= Protective intelligence =

Type of threat assessment

Protective Intelligence (PI), is a subsection of executive protection and a type of threat assessment. PI is a proactive method of identifying, assessing, and mitigating possible threats to the client. It is meant to reduce the ability of an individual from getting close enough to attack the client or even the likelihood of them deciding to attack.

==Methods==
A PI analyst collects information through investigative methods, open source research, specialized databases, and other records on those who have the means and the interest in harming their client.

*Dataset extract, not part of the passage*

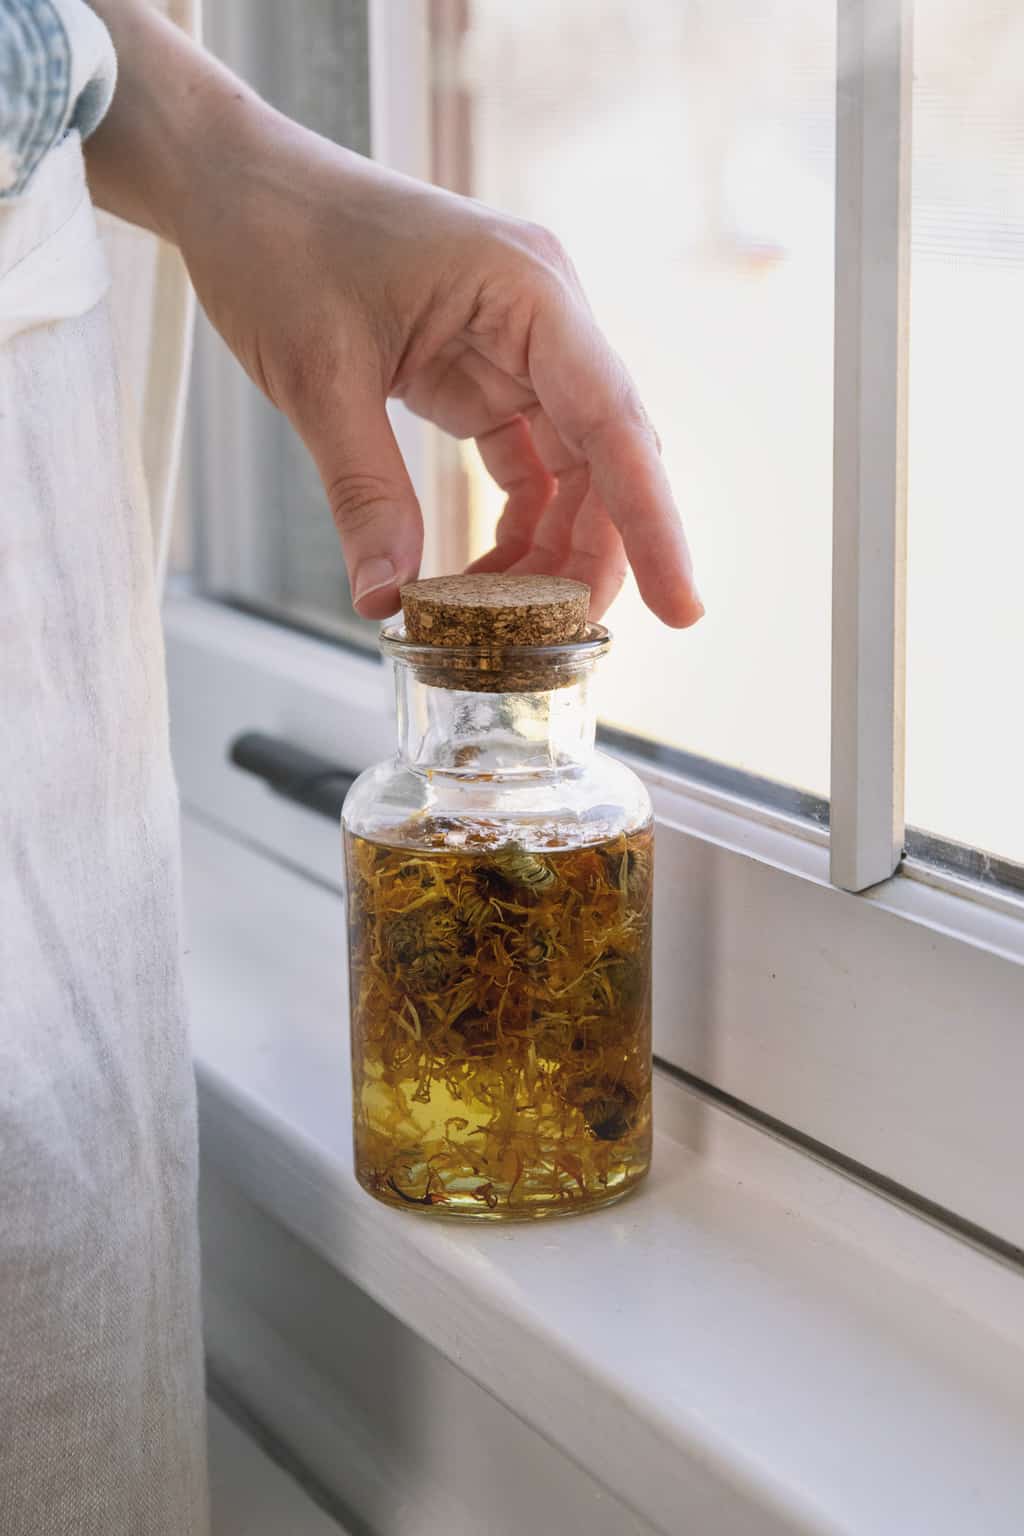 Let infused oil sit for 1-2 weeks before using in herbal salve recipes
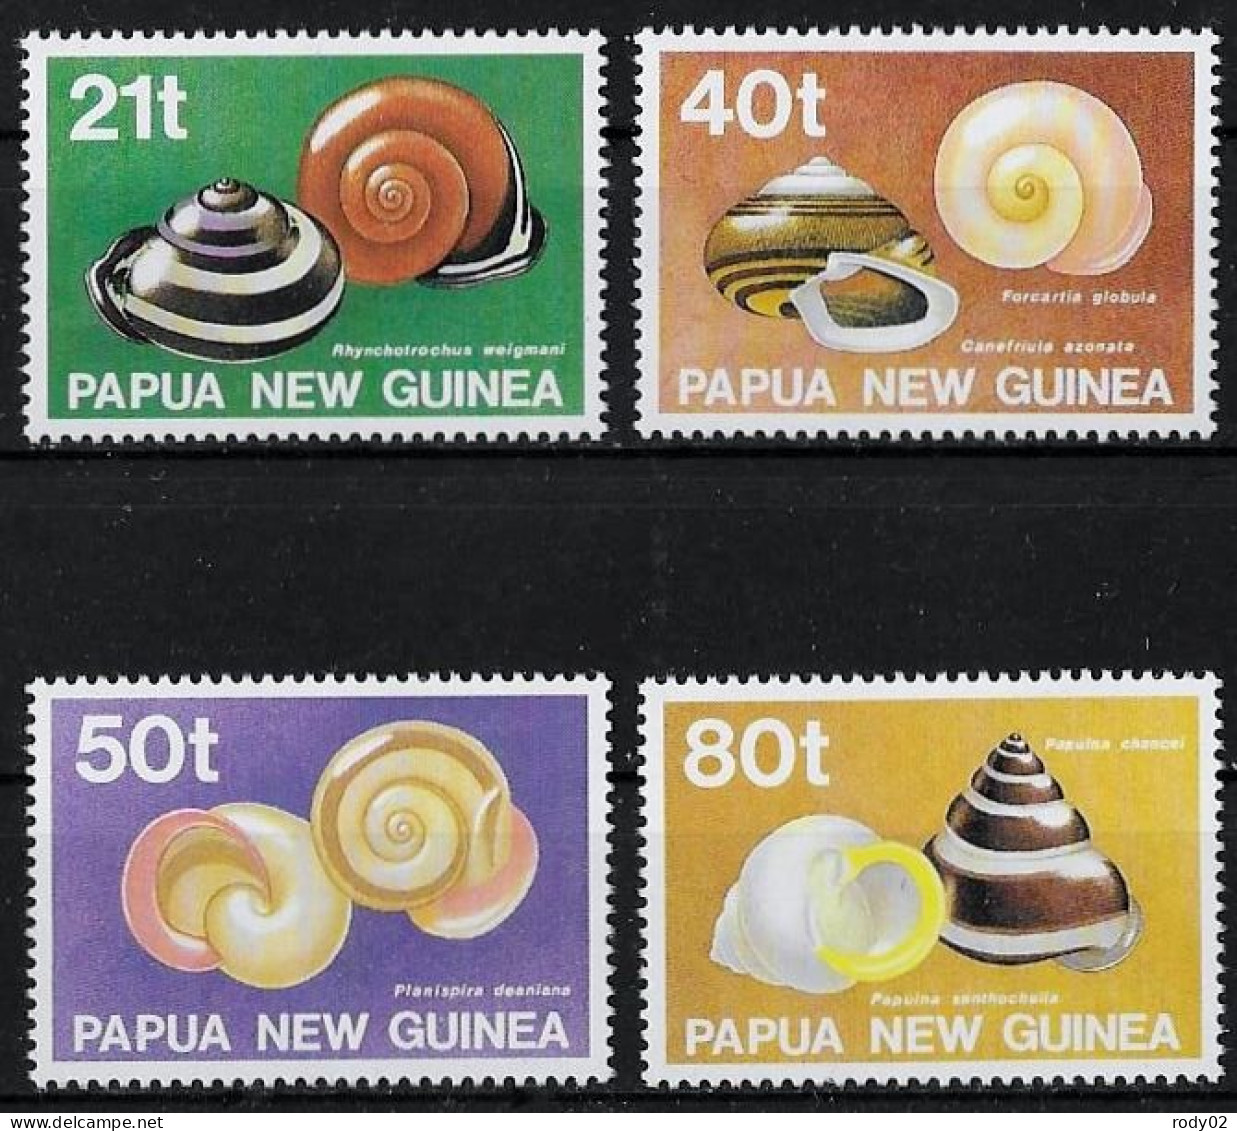 PAPOUASIE NOUVELLE-GUINEE - COQUILLAGES - N° 626 A 629 - NEUF** MNH - Coneshells

Red team analysis is often conducted by PI analysts to help identify security threats to the client by looking from the outside in. This can include physical security assessments, such as observing the client’s schedule or transportation route and determining the points of vulnerability. Red team analysis for PI also includes cyberstalking the client through open source research to determine how much sensitive information is available to potential attackers. Countersurveillance operations are used to make it more difficult for an attack to be planned as well. PI analysts help focus these operations and identify the areas most likely to be exploited, analyze the operations' findings, and investigate any individuals of interest who are detected.

==Components==
PI’s three main functions are identification, assessment, and management/mitigation.

- Identification: The PI analyst must first determine where and how their client is vulnerable and who would want to exploit their vulnerability. The analyst then identifies these individuals who pose potential threats.
- Assessment: Assessment occurs after an individual is identified as a potential threat to the client. A variety of tools and methods are employed during this phase of PI to evaluate the threat's legitimacy, severity, motive, if they have the means to attack and how to protect the client. Some sources that the analyst can use include interviews from the individual or others who know them, records on the individual and background checks, writings by or about the individual, or travel and purchase receipts from the individual.
- Management/Mitigation: If the investigation shows the individual is not a threat then the case is closed, though the investigation and the individual's information is kept on record. If the investigation proves the individual is a threat, then the analyst will monitor the threat and occasionally perform reassessments. Monitoring can take the shape of surveilling social media accounts, physical surveillance, or reaching out to a third party that is connected to the individual. The analyst also provides the rest of the executive protection team with an unbiased explanation of who the individual is and why they represent a threat.

==The team==
PI analysts often interact with a number of other professionals when working in executive protection. Psychologists act as consultants to advise the team if an individual of interest has or appears to have a mental illness. Human resource managers and employee mental health program organizers are able to alert the team if an employee has shown the potential to become violent and to then help divert them from that path. Physical security guards work alongside the analysts, relying on them to provide pictures and information on possibly threatening individuals. The client, as well as their staff and family, can also be briefed on any important information pertaining to their security and the measures they should take to ensure it.

==The clients==
The most common clients that utilize PI are international dignitaries, high ranking politicians, wealthy corporate executives, and celebrities. Other clients can include schools and business that wish to guard against mass shootings.